MicroML is a lightweight neural network framework that is built with core deep learning components in C++. It features automatic differentiation with computational graph optimizations, SIMD-optimized tensor operations, and end-to-end training workflows - all with minimal dependencies.
┌────────────────────┐
│ User Model │
│ (C++ Operator │
│ Overloads) │
└────────┬───────────┘
│
▼
┌────────────────────────────────┐
│ Computational Graph Builder │
│ • Topological Sort │
│ • Node & Edge Allocation │
│ • Memory-Efficient Strides │
└────────────────────────────────┘
│
┌────────────────▼────────────────┐
│ Forward Pass Evaluator │
│ • Lazy Execution │
│ • SIMD-Accelerated Kernels │
└────────────────┬────────────────┘
│
┌────────────────▼────────────────┐
│ Backward Pass Differentiator │
│ • Reverse-Mode Autodiff │
│ • Gradient Accumulation │
└────────────────┬────────────────┘
│
┌────────────────▼────────────────┐
│ Optimizer & Parameter Updates │
│ • AdamW with Bias Correction │
│ • Weight Decay & Clipping │
│ • Momentum Accumulation │
└─────────────────────────────────┘
Core Components:
- Value: Computational graph node holding data, gradient, operation tag, and adjacency list
- Tensor: N-D array with shape, strides, and raw buffer enabling broadcast and matrix operations
- Graph: Built dynamically on operator calls, finalized by fast topological sort for minimal overhead
- Computational Graph Construction: Dynamic graph building with topological sorting for proper gradient flow
- Reverse-Mode Autodiff: Efficient backpropagation through arbitrary computational graphs
- Scalar & Tensor Operations: Built-in ops include
+
,-
,*
,/
,pow
,matmul
,relu
,sigmoid
- Graph Visualization: DOT file generation with PNG export via Graphviz for educational demos
- Broadcasting: NumPy-style broadcasting for element-wise operations
- SIMD-Accelerated MatMul:
Tensor::matmul
leverages xsimd for AVX2/FMA speed on dense operations - Memory-Efficient Strides: Cache-friendly memory access patterns and gradient shape fitting
- Value System: Smart pointer-based computational nodes with automatic memory management
- Loss Functions: Cross-entropy (binary & multi-class) and MSE loss with proper gradients
- Activation Functions: ReLU and Sigmoid with correct derivative computation
- MLP Architecture: Configurable multi-layer perceptrons with Xavier initialization
- AdamW Optimizer: Adaptive learning rates with weight decay and bias correction
- End-to-End Training: Complete workflows for binary classification, multi-class CE, MSE regression
- Gradient Accumulation: Proper gradient handling and momentum across training batches
// Values automatically track computational history
auto z = Value::add(Value::matmul(x, W), b); // z = xW + b
ReLU relu(z);
auto activated = relu.forward();
// Backward pass through entire graph
loss->backward(); // Computes gradients for all parameters
// Automatic shape compatibility
Tensor A = Tensor({1, 2, 3, 4}, {2, 2}); // (2, 2)

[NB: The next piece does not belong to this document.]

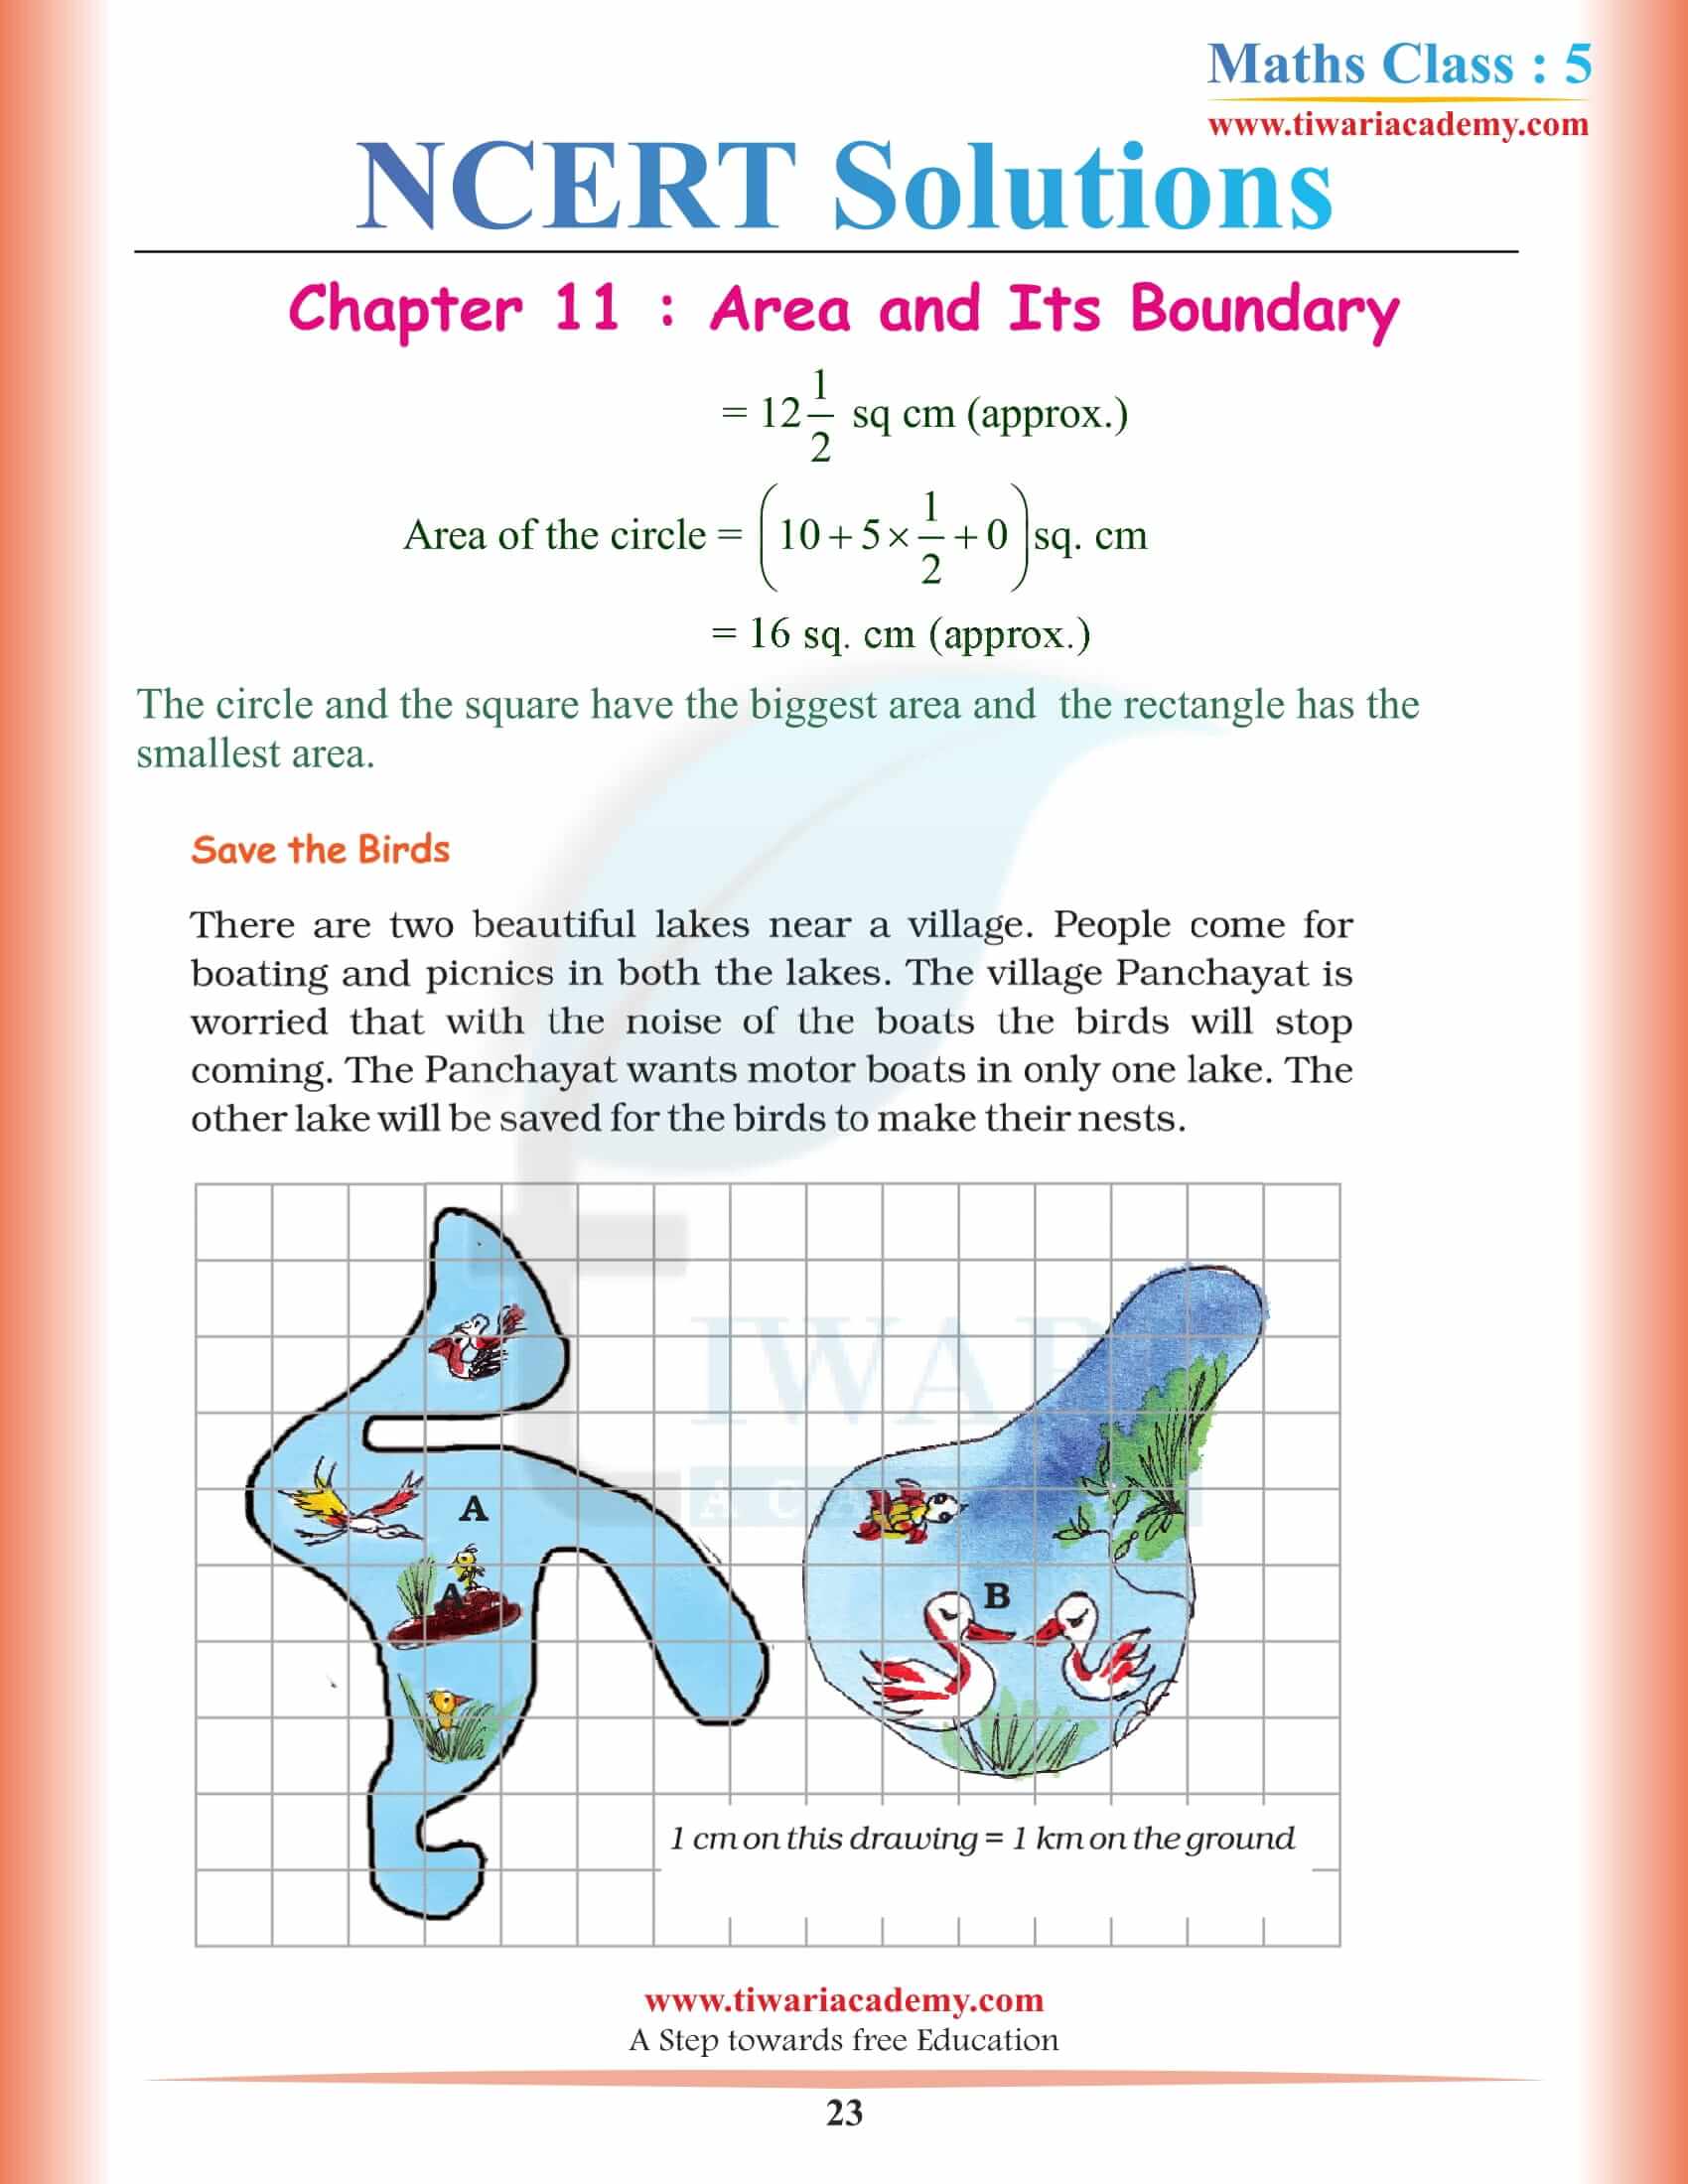 5th Math NCERT Chapter 11 Solutions Free Download

Tensor B = Tensor({10}, {1}); // scalar
auto C = A + B; // Broadcasting: (2, 2) + (1,) -> (2, 2)
Matrix multiplication uses vectorized instructions for performance:
// Inner loop uses SIMD batches
for (k; k + simd_size <= m; k += simd_size) {
batch x_simd = batch::load_unaligned(&x_data[i * m + k]);
batch y_simd = batch::load_aligned(y_temp);
sum += xs::reduce_add(x_simd * y_simd);
}
microml/
├── src/
│ ├── tensor.{hpp,cpp} # N-D tensor operations & broadcasting
│ ├── prime.{hpp,cpp} # Value system & automatic differentiation core
│ ├── loss.{hpp,cpp} # Loss functions (CE, MSE) & activation functions
│ ├── nn.{hpp,cpp} # Neural network architectures (MLP)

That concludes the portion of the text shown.